He played often, too, with a huge knife which he had for twenty-four
years. He took it abroad with him, took it to bed: Frances had to
retrieve it often from under his pillow in some hotel. Once at a
lecture in Dublin he drew it absent-mindedly to sharpen a pencil: as
it was seven and a half inches long shut, and fourteen open, the
amusement of the audience may be imagined. In origin it was, Father
O'Connor relates, a Texan or Mexican general utility implement. It
was with this knife that he won my daughter's heart many years later
when she, aged three, had not seen him for some time and had grown
shy of him. A little scared of his enormousness she stood far off. He
did not look in her direction but began to open and shut the vast
blade. Next she was on his knee. A little later we heard her remark,
"Uncle Gilbert, you make jokes just like my Daddy." And from him
came, "I do my best."
The prototype of Father Brown tells of the easy job in detection when
Gilbert had been reading a book:
He had just been reading a shilling pamphlet by Dr. Horton on the
Roman Menace or some such fearful wild fowl. I knew he had read it,
because no one else could when he had done. Most of his books, as and
when read, had gone through every indignity a book may suffer and
live. He turned it inside out, dog-eared it, pencilled it, sat on it,
took it to bed and rolled on it, and got up again and spilled tea on
it--if he were sufficiently interested. So Dr. Horton's pamphlet had
a refuted look when I saw it.
Father O'Connor was not the only friend who was added to the
Beaconsfield group with some frequency.
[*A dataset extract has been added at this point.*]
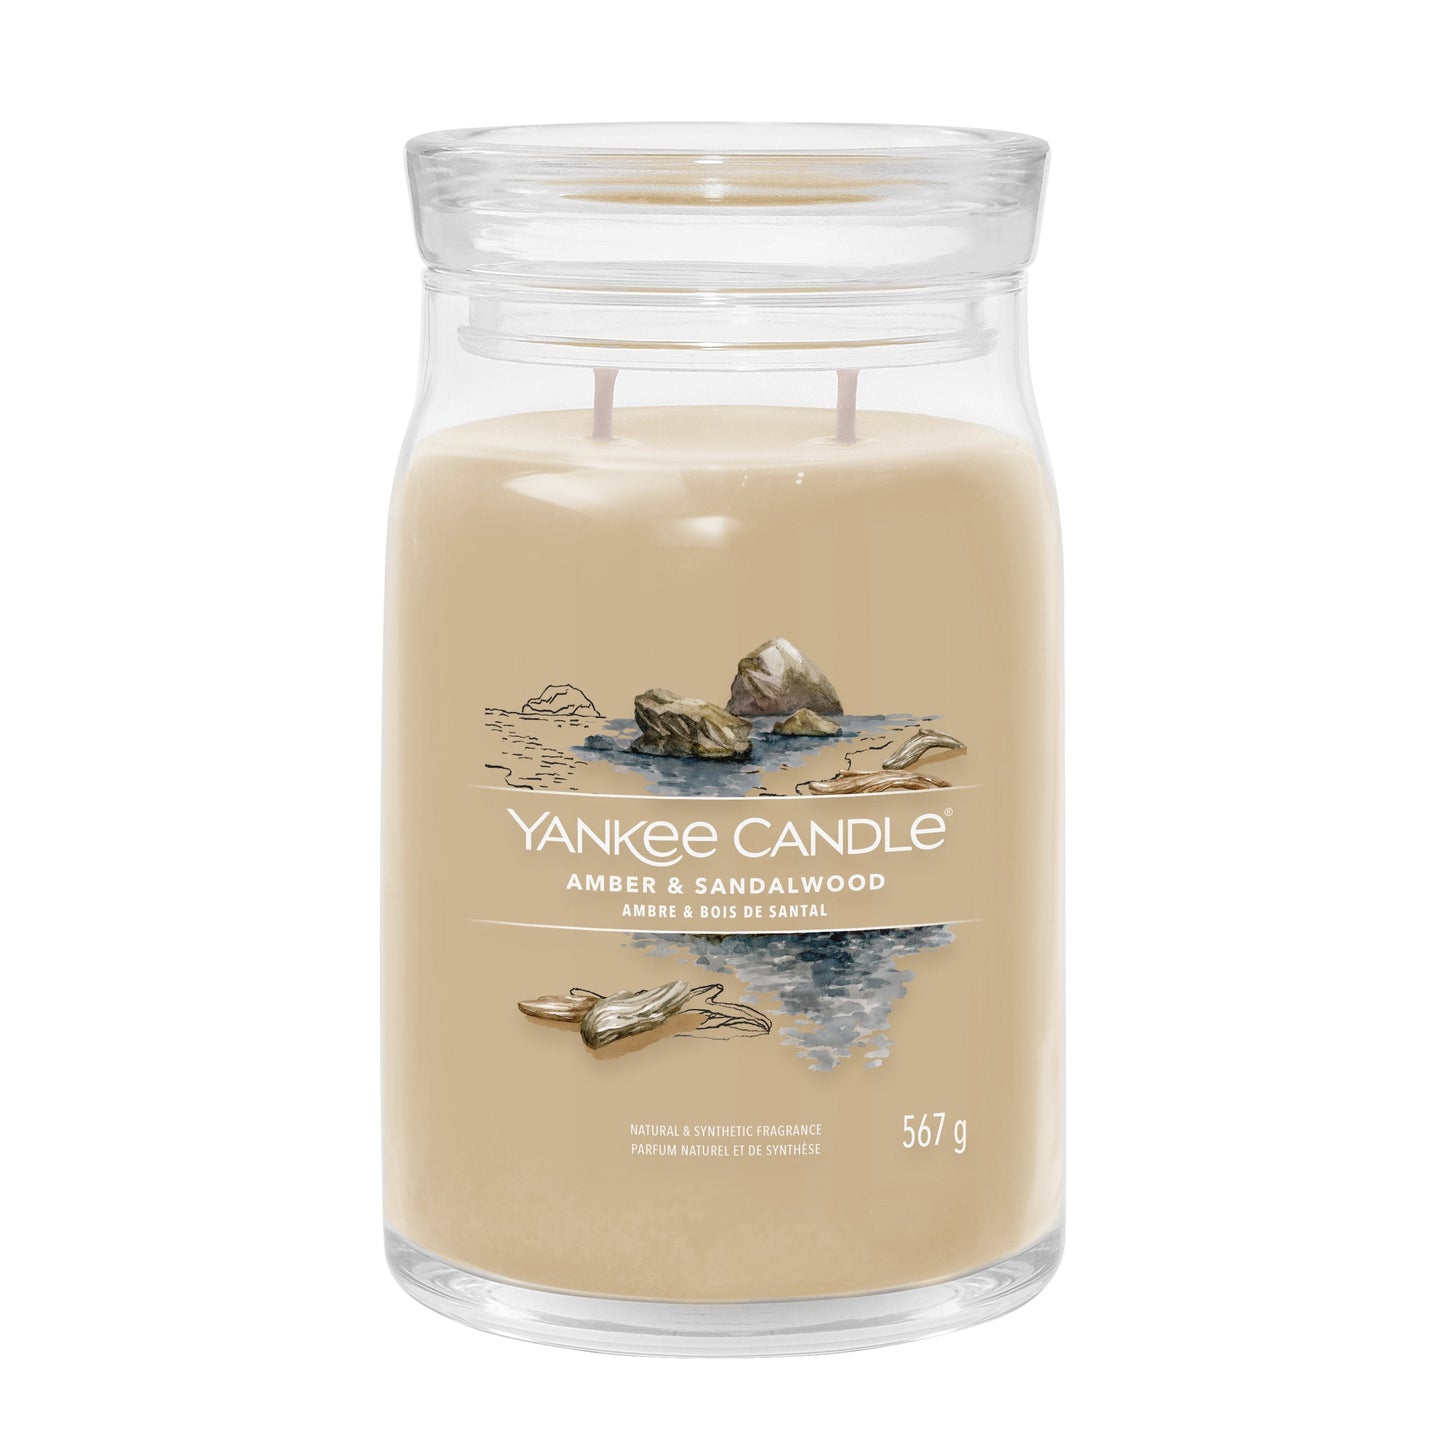 Yankee Candle Amber & Sandalwood Large Jar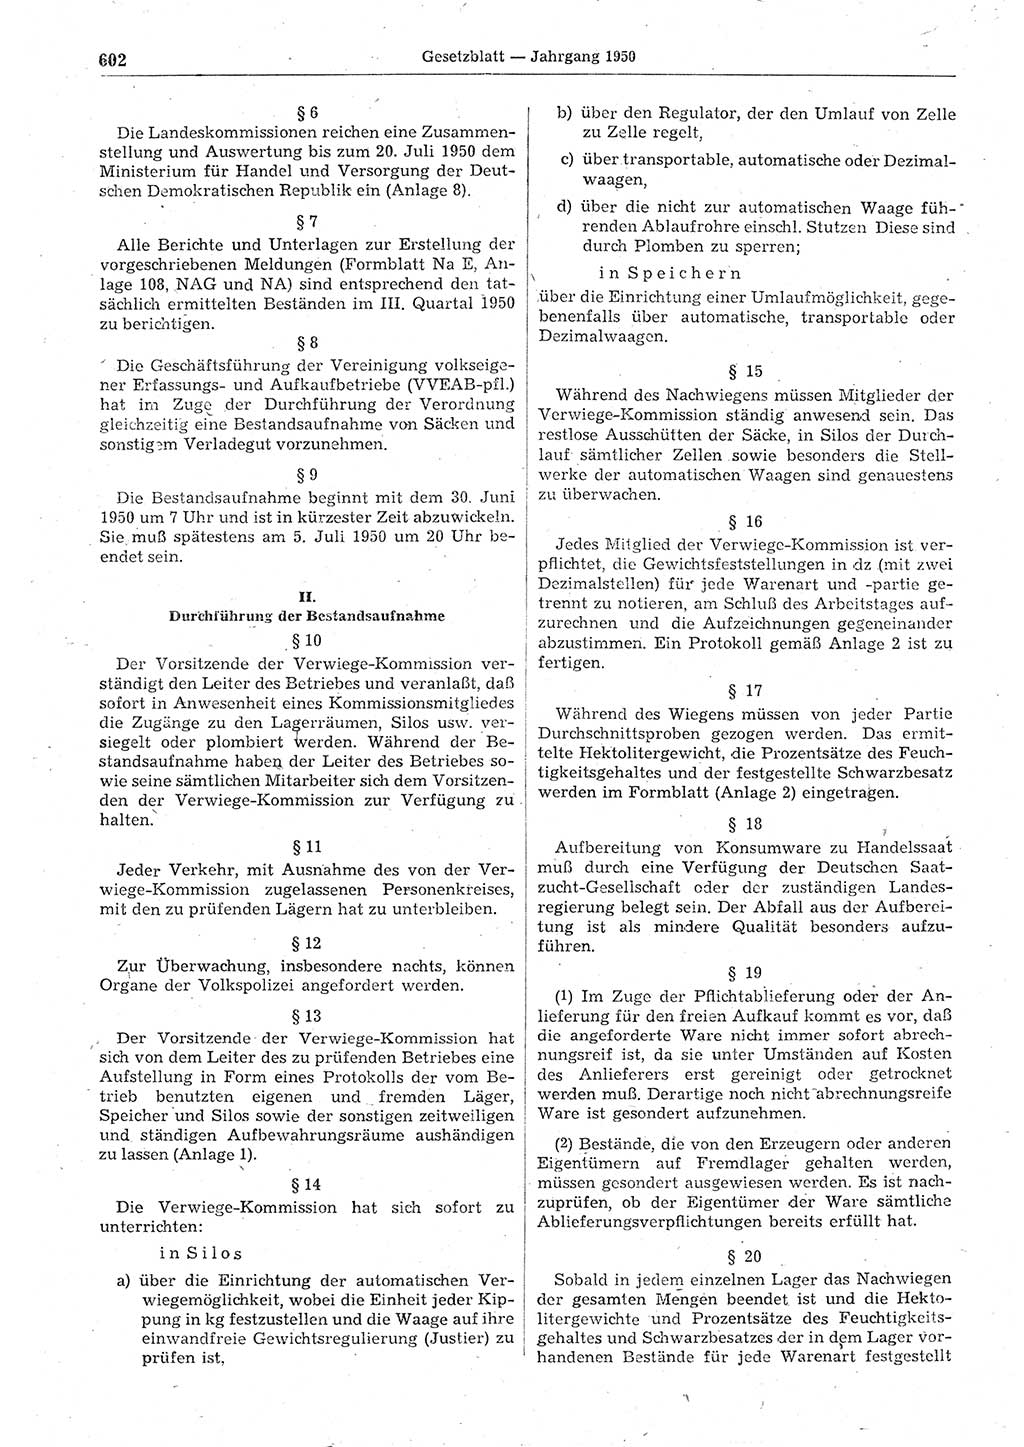 Gesetzblatt (GBl.) der Deutschen Demokratischen Republik (DDR) 1950, Seite 602 (GBl. DDR 1950, S. 602)

It was easy enough to run
down from London or over from Welwyn (home of G.B.S.) or from Oxford
or Cambridge. It was most conveniently central. Gilbert's brethren of
the pen were especially apt to appear at all seasons and always found
friendly welcome. For he continued to call himself neither poet nor
philosopher but journalist. Father O'Connor had tried to persuade
him, as he neatly puts it, to "begin to print on handmade paper with
gilt edges." But Frances begged him to drop the idea: "You will not
change Gilbert, you will only fidget him. He is bent on being a jolly
journalist, to paint the town red, and he does not need style to do
that. All he wants is buckets and buckets of red paint."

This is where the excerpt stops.